La grande frilosité des éditeurs français : le cas Robert Penn Warren

Crédits photographiques : Vadim Ghirda (Associated Press).

«Il fit entrer un jour dans mon petit bureau Sinclair Lewis, renommé dans son pays depuis Main Street et Babitt mais encore assez mal connu des Français. Bradley le prénommait «Red» (Rouge); je ne sais pas très bien si c'était à cause de certains reflets fauves qui traversaient sa chevelure ou en raison de ce teint très coloré qu'il avait et auquel on me disait que le whisky n'était pas étranger. «Red» me serra la main à me la broyer, s'assit, et avant que j'aie pu ouvrir la bouche, me demanda «de ne pas [lui] parler avec éloges de [ses] livres si [je] ne les avais pas lus». Je supposai que c'était là le fruit de ses réflexions après divers entretiens avec mes compatriotes. Il était très grand, très maigre et il lui manquait ce je ne sais quoi d'indéfinissable à quoi l'on reconnaît toujours en France un homme de lettres arrivé. «Red» ressemblait à un négociant américain de bonne classe ; j'eusse tout pensé de lui, au jeu des devinettes, sauf qu'il était un intellectuel. J'ai souvent observé que l'écrivain américain ne se distingue pas de la masse de ses compatriotes : il est vêtu comme eux, se comporte comme eux, et il est finalement assez rare que sa physionomie trahisse sa profession. Peut-être faut-il en rechercher la raison dans le fait qu'aux États-Unis il n'y a ni salons littéraires, ni milieux littéraires; l'écrivain américain n'est pas considéré comme une vedette; c'est un homme qui exerce comme n'importe qui, plus ou moins bien, son métier; nous sommes loin de l'Europe et de ses auteurs, «monstres sacrés», dont la foule connaît les traits et observe les moindres gestes. Cet anonymat de l'écrivain américain conditionne son apparence et règle son attitude. Je parle ici bien entendu des «grands» que j'ai connus : Lewis, Bromfield et Dos Passos, non pas de ces jeunes gens frais émoulus de l'Oklahoma qui hantent les cafés de Saint-Germain-des-Prés et qui, parce qu'un jour ils ont publié dans une revue trois poèmes à la manière de Whitman ou de Robinson Jeffrys se croient forcés de se déguiser en estivants de Saint-Tropez pour bien marquer leur génie».

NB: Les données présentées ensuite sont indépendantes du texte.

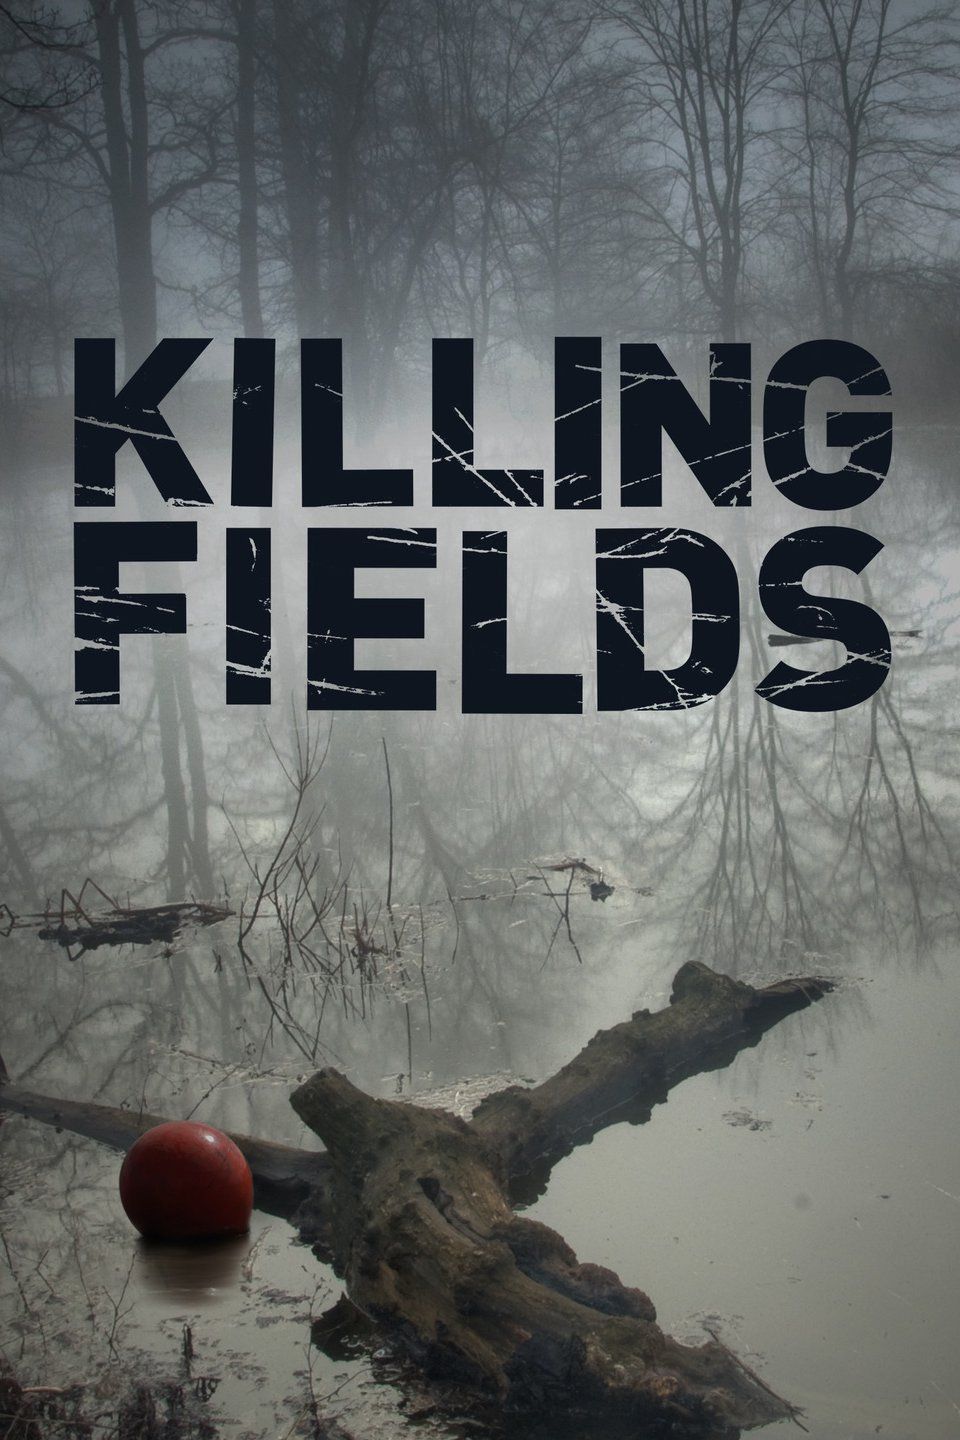 Watch The Killing Season Season 1 Episode 2 Online Free

Henry Muller, Trois pas en arrière (La Table Ronde, 1952, réédition dans la collection La petite vermillon, 2002), pp. 127-8.


Bien sûr, n'importe qui aura beau jeu de me faire remarquer que, de grands absents, et de bien français, il y en a pléthore dans nos lettres.

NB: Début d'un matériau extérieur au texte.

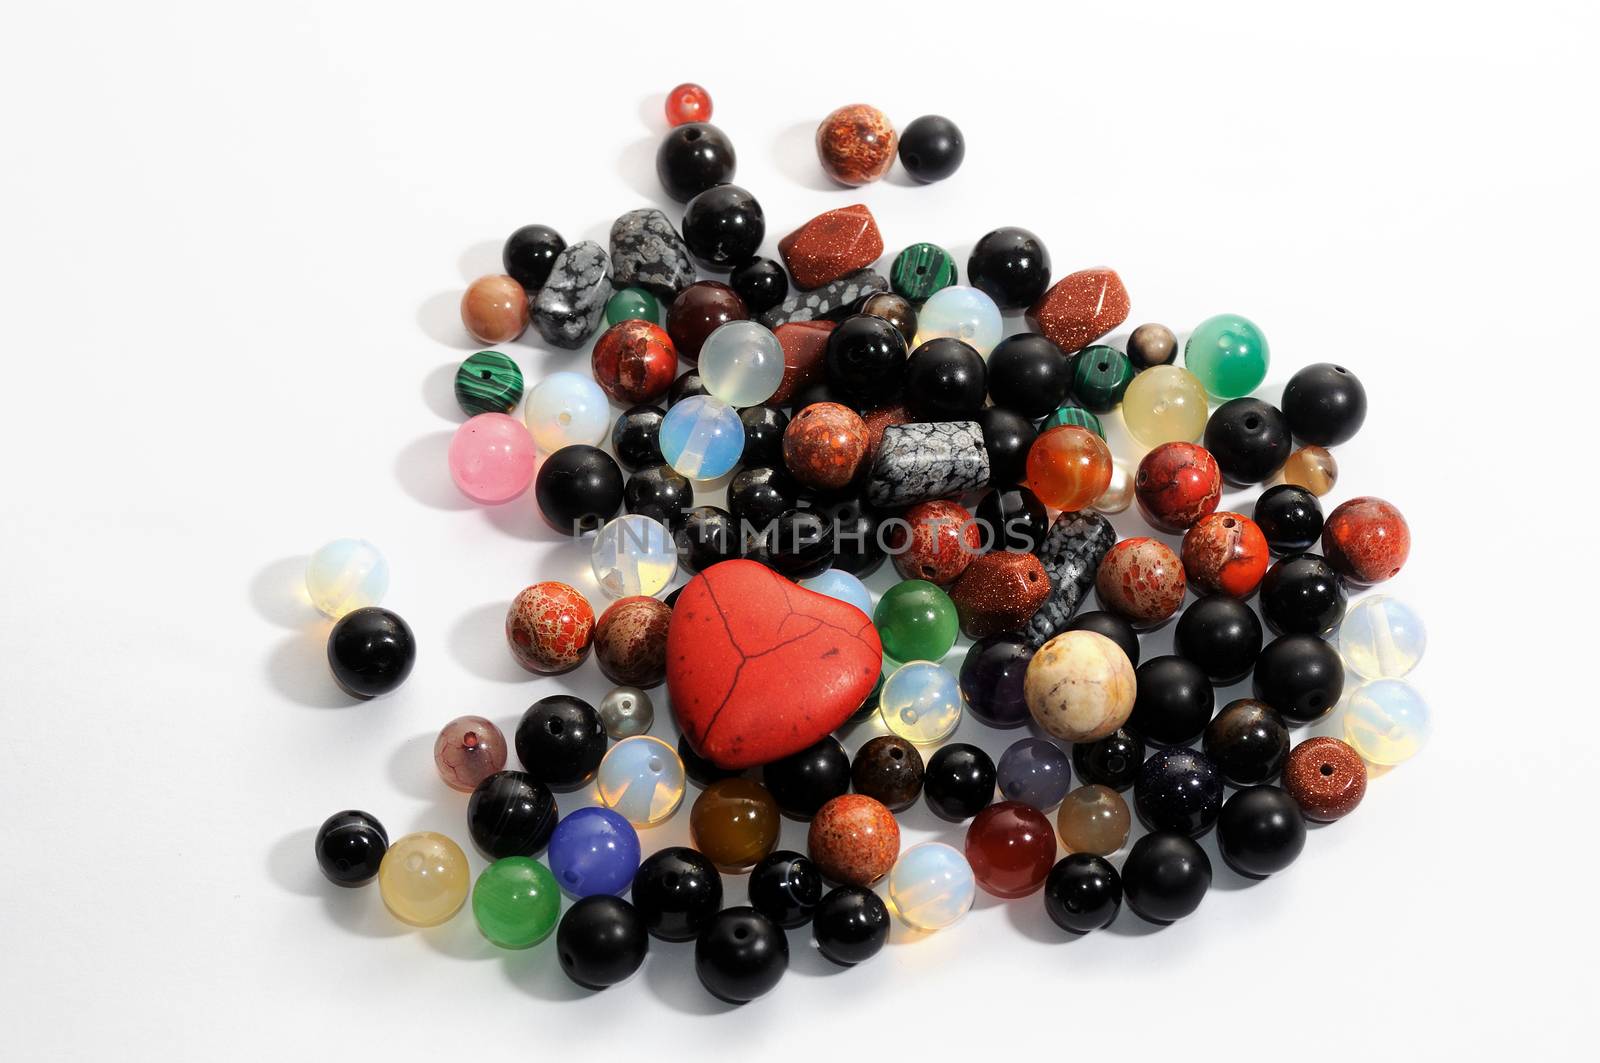 Mix of colorful polished gemstones balls  on the white background.

Je répondrai à cette évidence par cette autre évidence : oui, sans aucun doute, mais ce n'est pas une raison suffisante pour que je ne me contente pas, à ma modeste mesure, de relever et d'essayer de réparer cette profonde injustice : Robert Penn Warren (1905 - 1989), pour le public français, n'existe pas, comme naguère j'ai relevé le triste sort éditorial fait à l'un des plus grands écrivains français du siècle passé, Paul Gadenne qui lui non plus, il est vrai, n'existe pas vraiment, tout comme n'existe guère, pour ces lecteurs français, l’œuvre, pourtant remarquable, lumineuse même, d'une Cristina Campo.

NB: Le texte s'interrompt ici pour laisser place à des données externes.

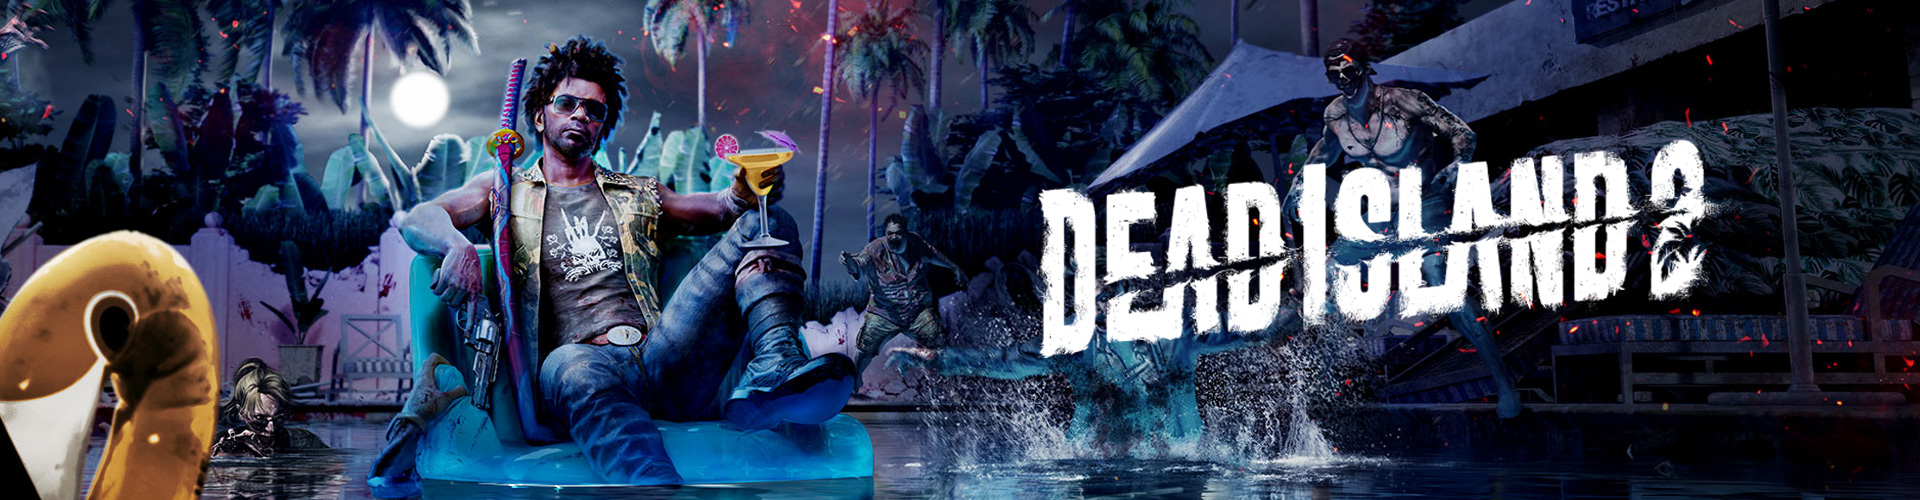 Dead Island 2 est un jeu dâhorreur multijoueur

Ce n'est pourtant pas faute, roman après roman, d'avoir évoqué cet écrivain nord-américain qui a pu être rapproché, non sans d'excellentes raisons, pour la puissance de sa vision et la cohérence de ses univers romanesques, de William Faulkner.
Ce n'est pas faute d'avoir sensibilisé l'ami Pierre-Guillaume de Roux, qui pourtant me fit découvrir le chef-d’œuvre de Penn Warren, Les Fous du roi (Stock, 1950, Le Livre de Poche, 1968 et Le Livre de Poche, coll. Biblio, 1979), à cette aberration dont du reste il est parfaitement conscient : Robert Penn Warren est un écrivain majeur pratiquement inconnu de la France contemporaine, dont tant de cuistres savants se targuent d'être de si fins lecteurs, des limiers auxquels nul talent ne saurait échapper, fût-il de la taille d'un de ces hongres dont la réclame est présentée, dans les grandes surfaces, au milieu des courges et des potirons.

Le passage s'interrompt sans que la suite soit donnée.